** Opening Raw data block **
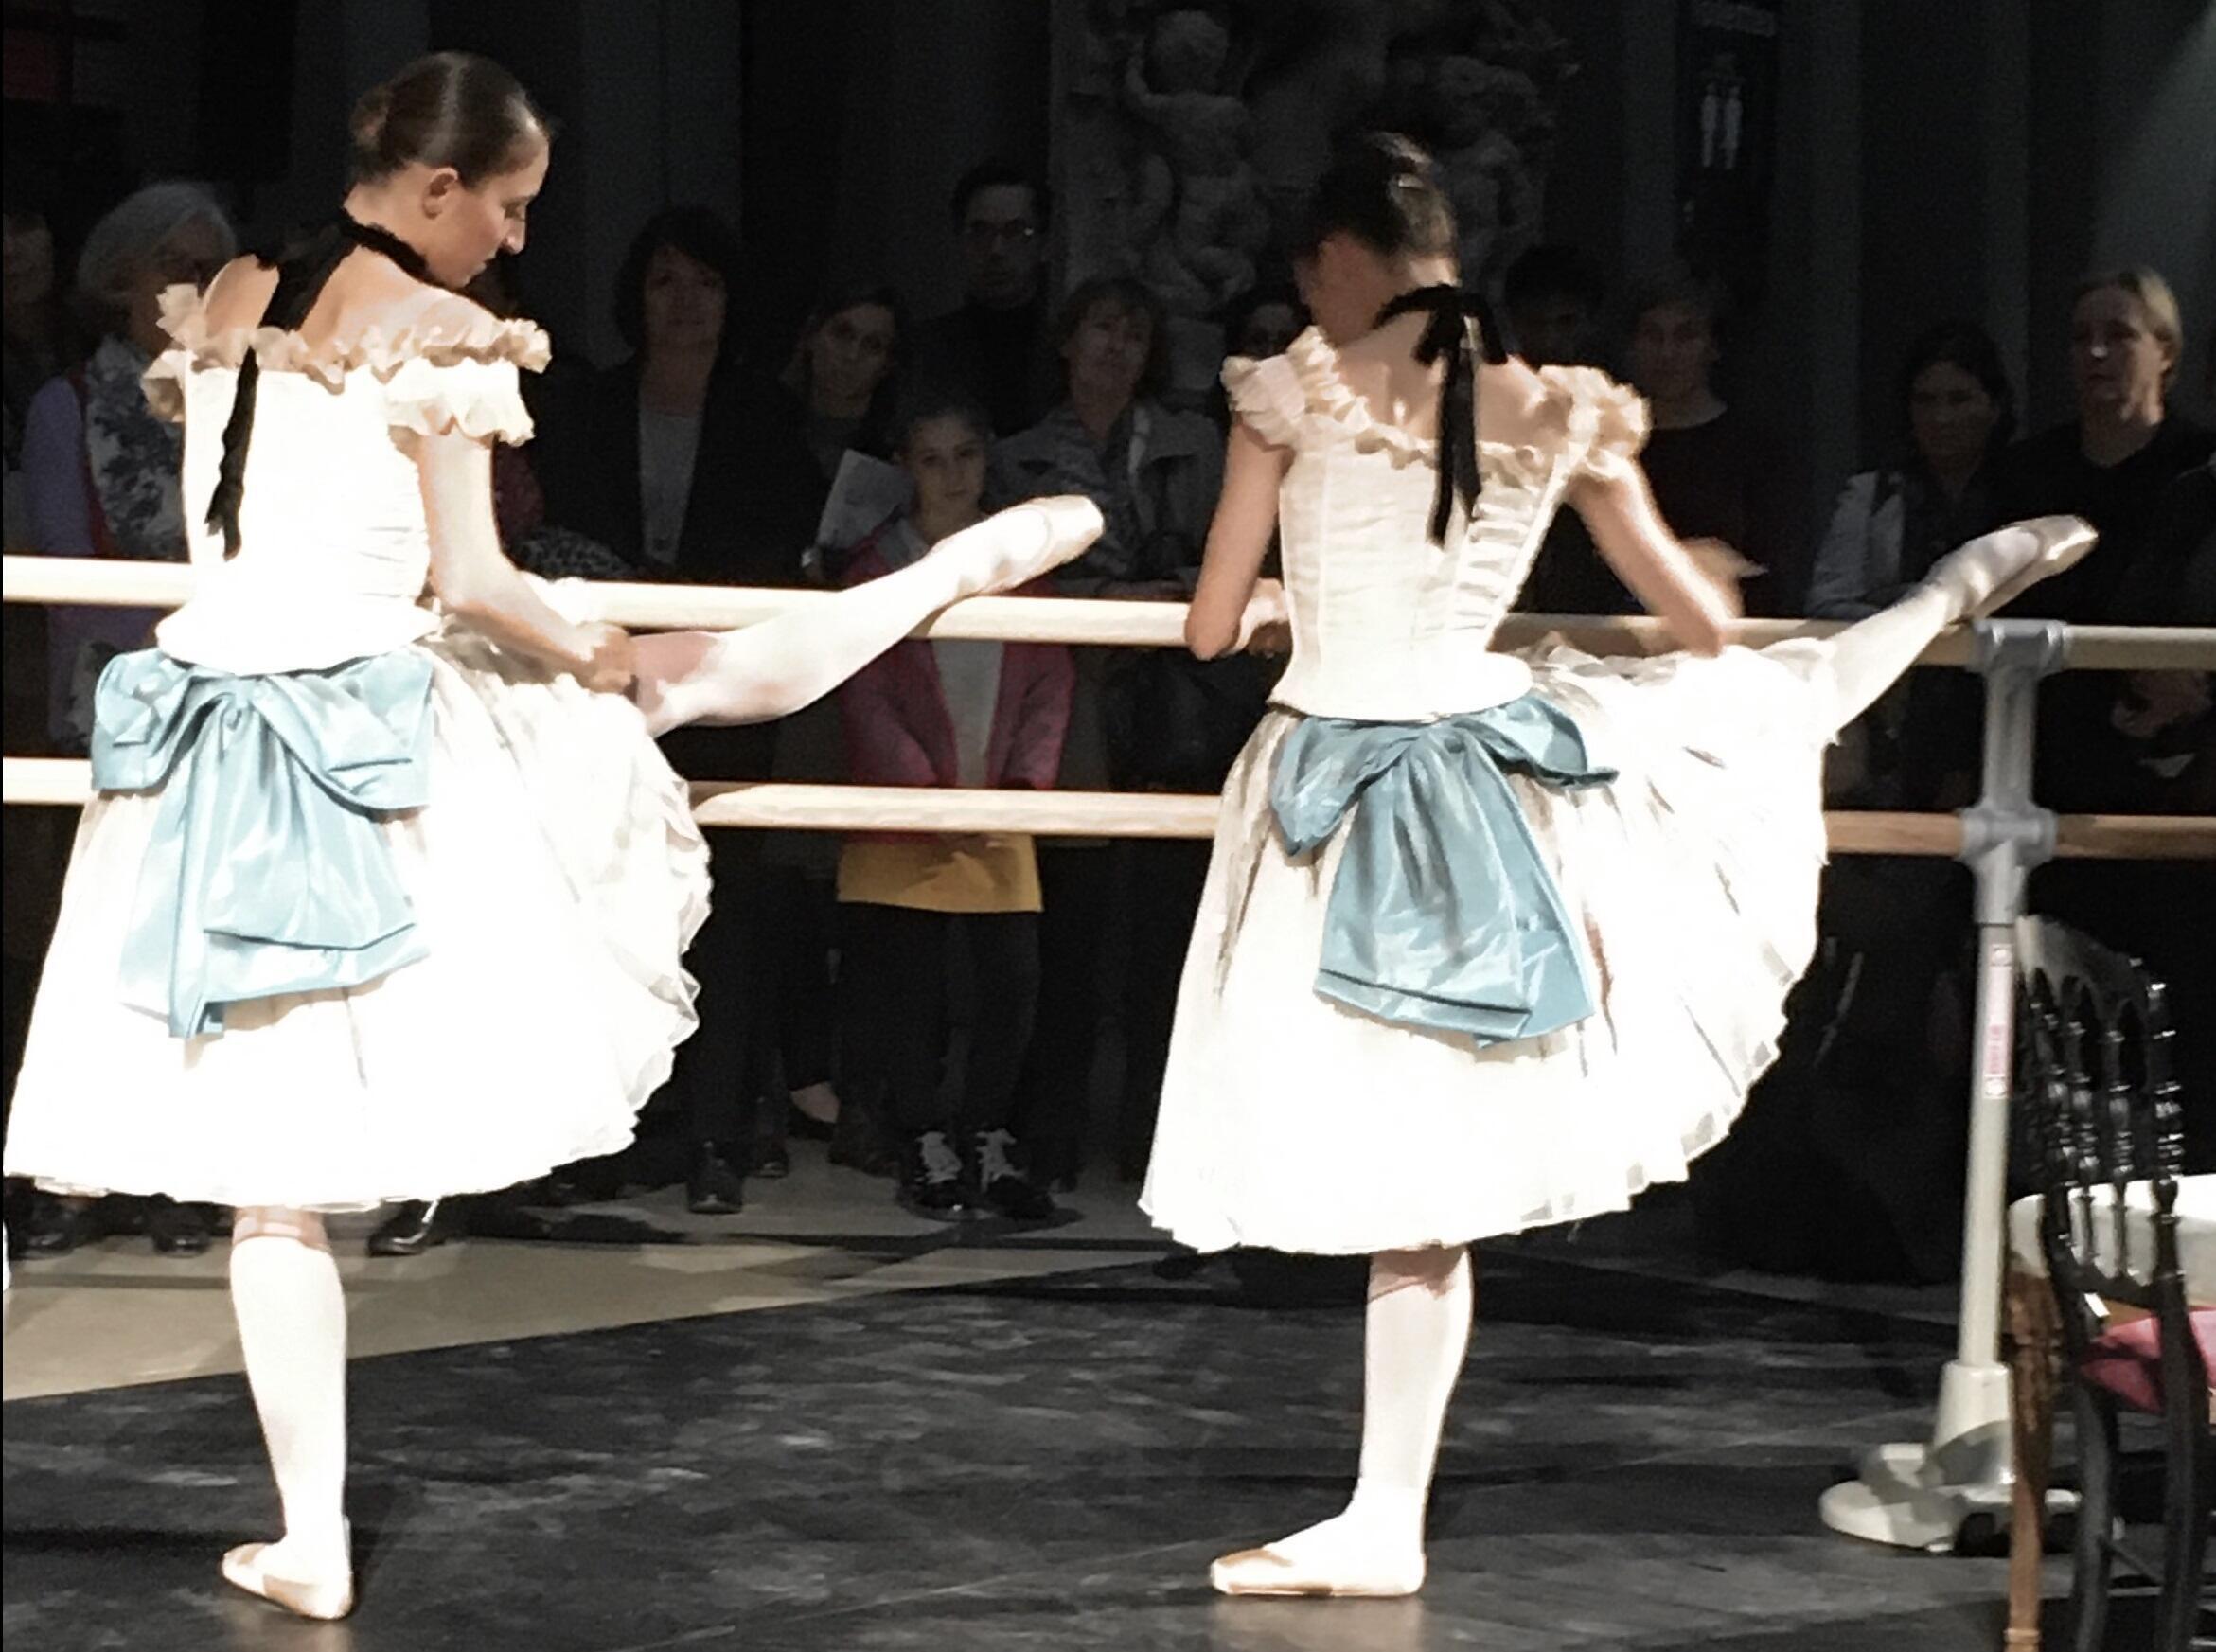 В перформансе, поставленном в Музее Орсе главой балетной труппы Парижской оперы Орели Дюпон, приняли участие балерины кордебалета
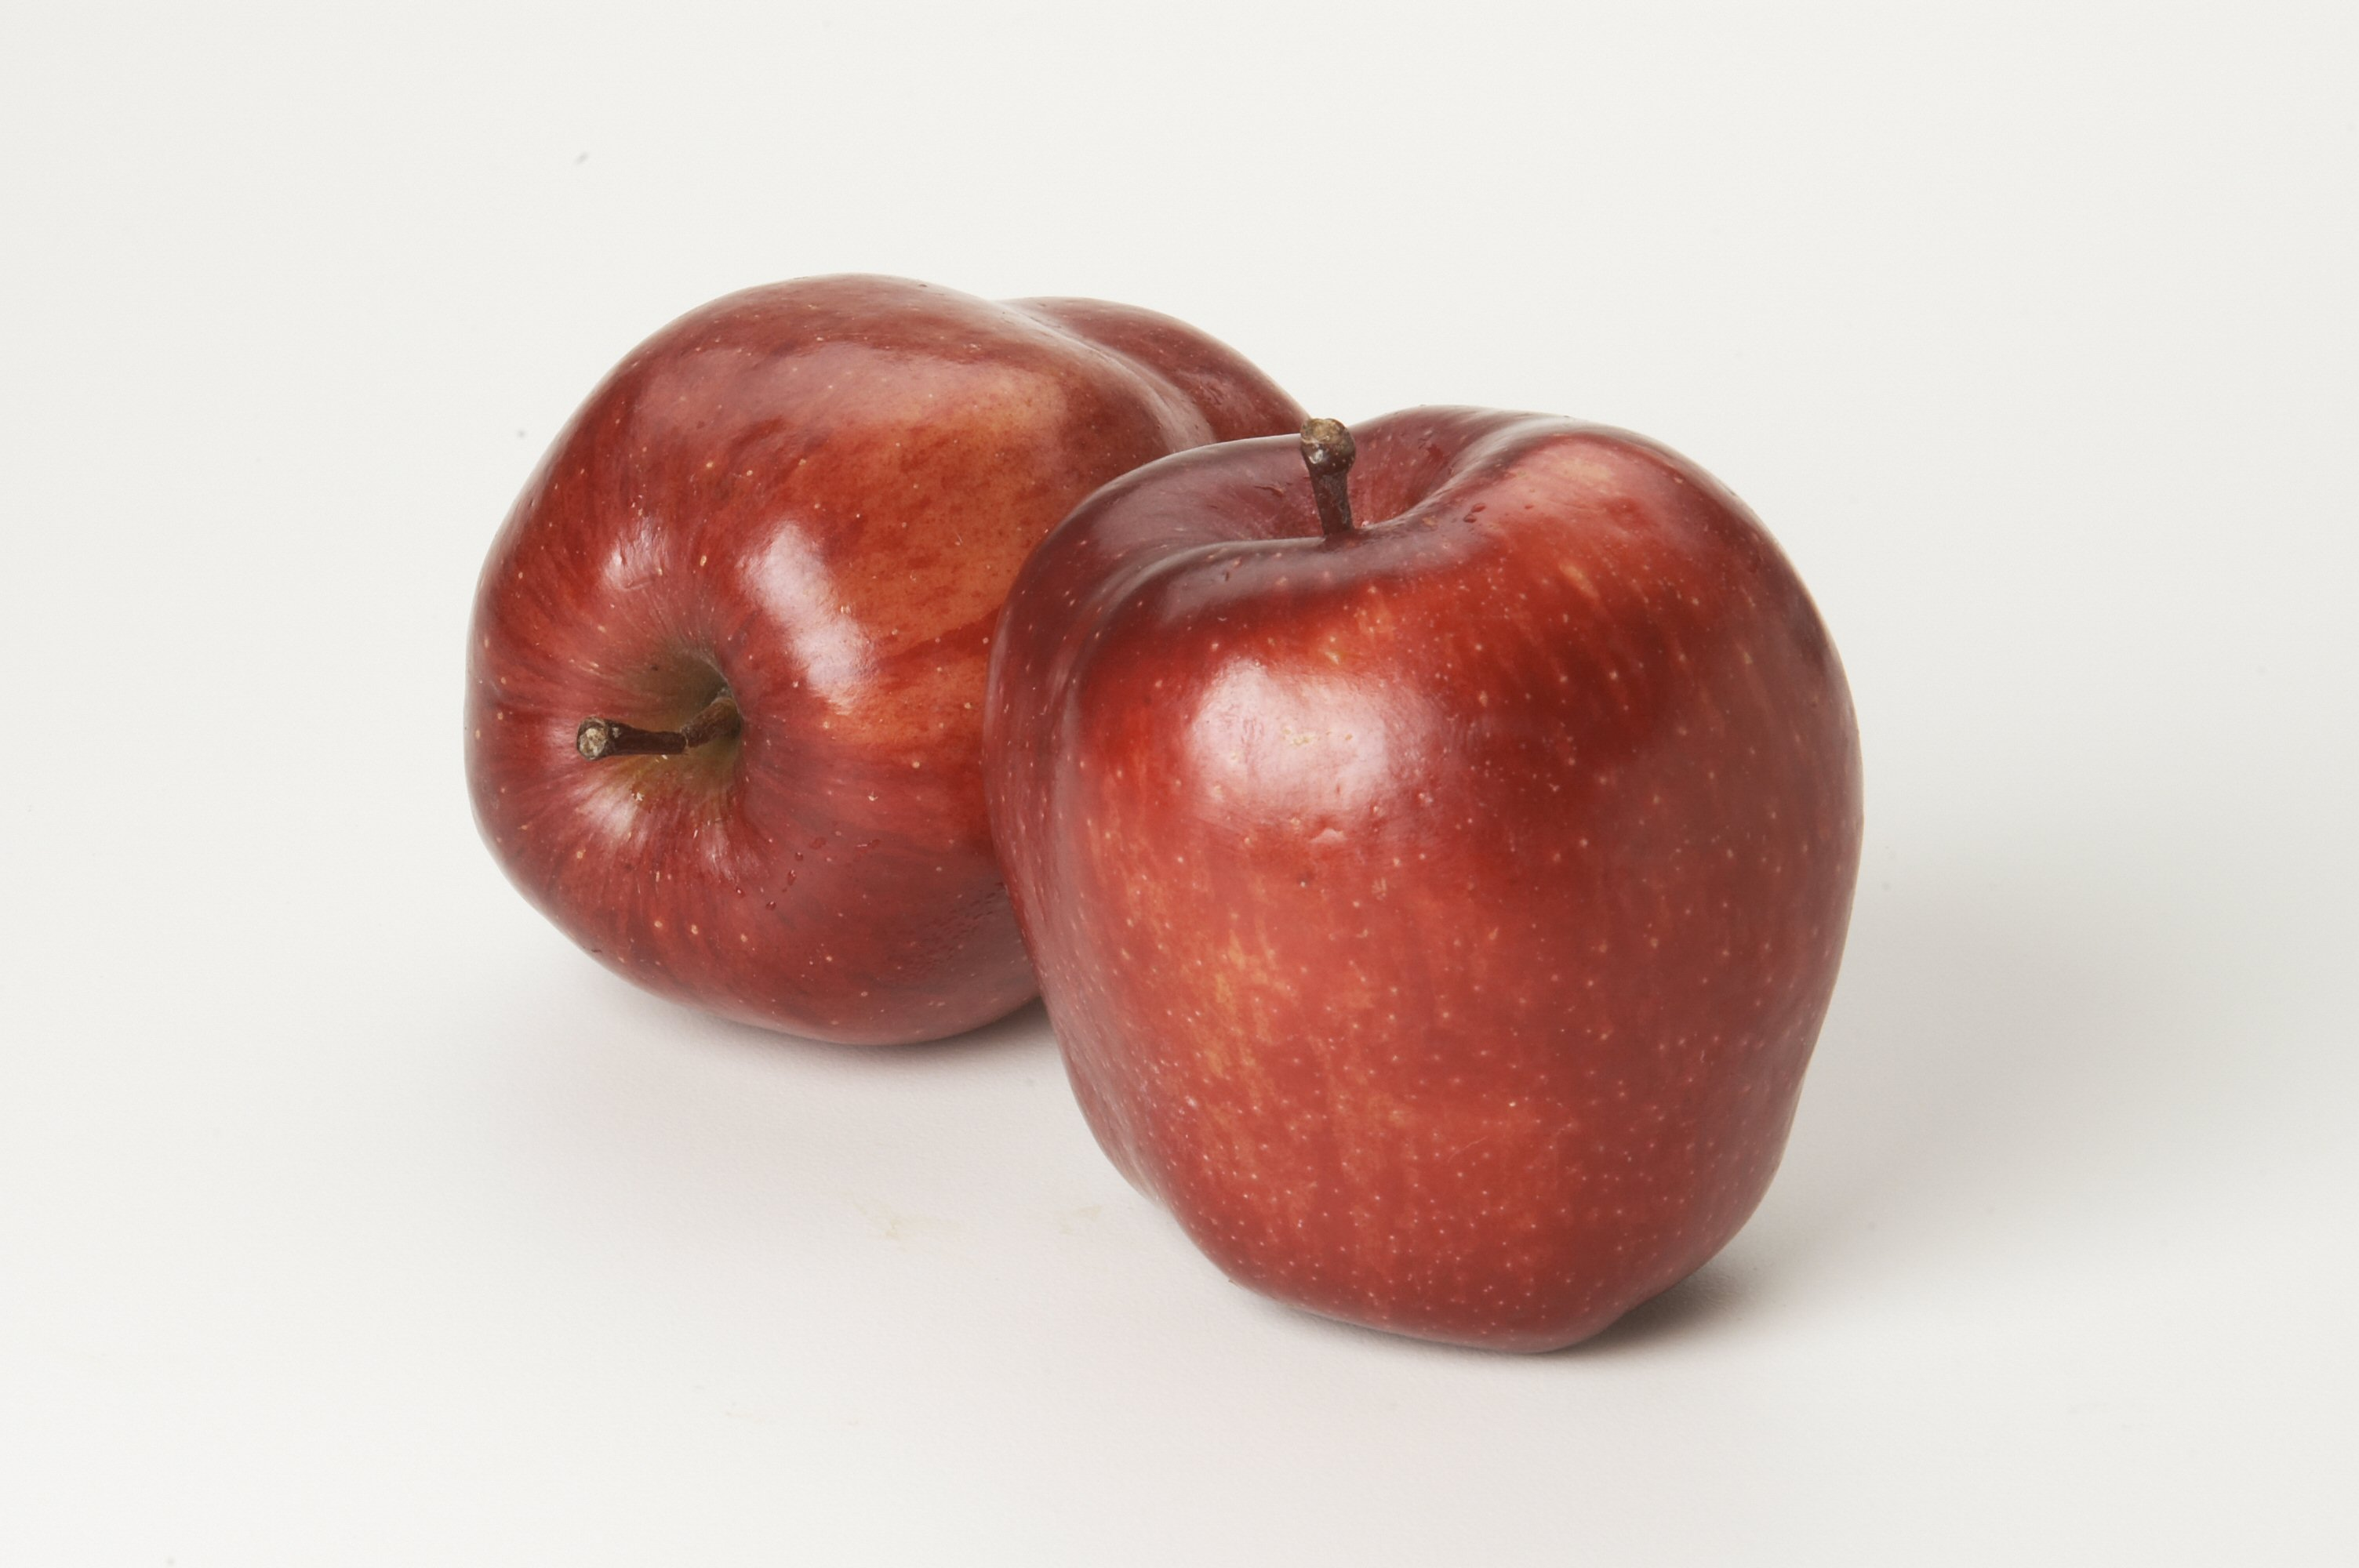 переписке фотки яблоки делишес прибытию сборный
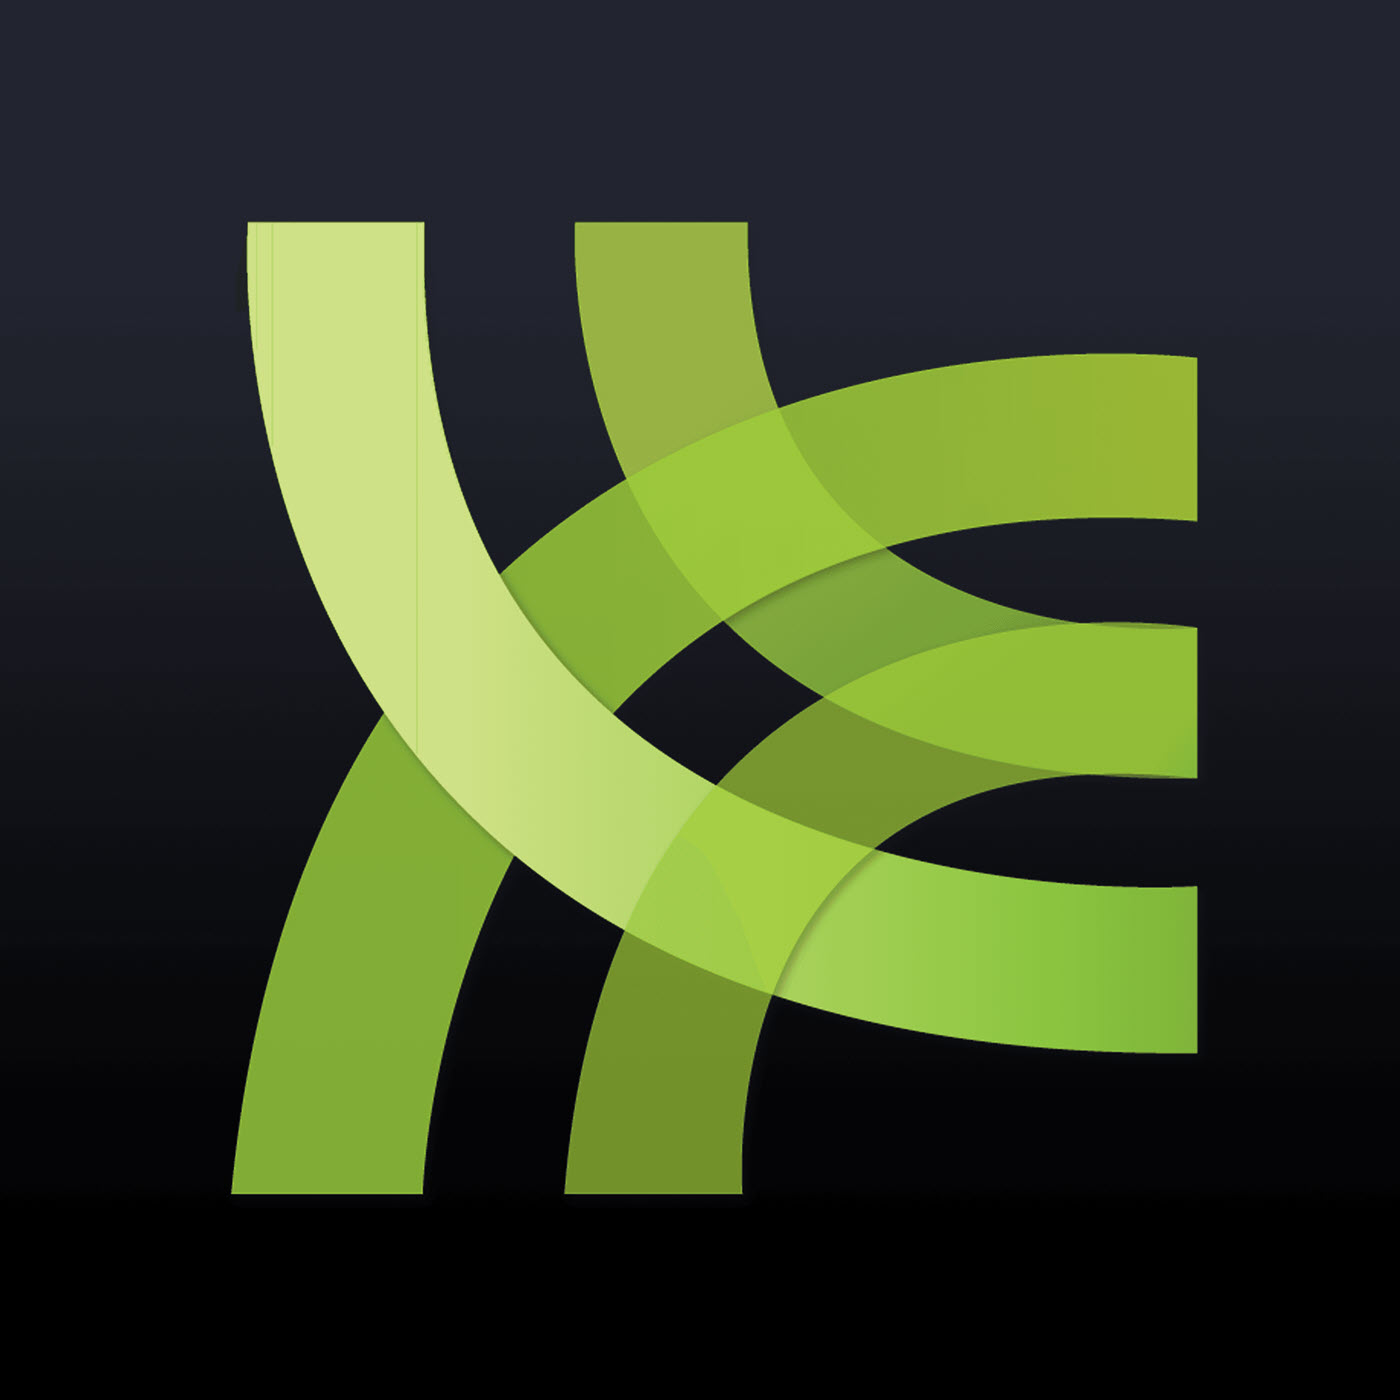 fss-logo-oval-color-small
** Closing Raw data block **
Without the pictures, copy the material exactly as given.

#### Your solution
 В перформансе, поставленном в Музее Орсе главой балетной труппы Парижской оперы Орели Дюпон, приняли участие балерины кордебалета
 переписке фотки яблоки делишес прибытию сборный
 fss-logo-oval-color-small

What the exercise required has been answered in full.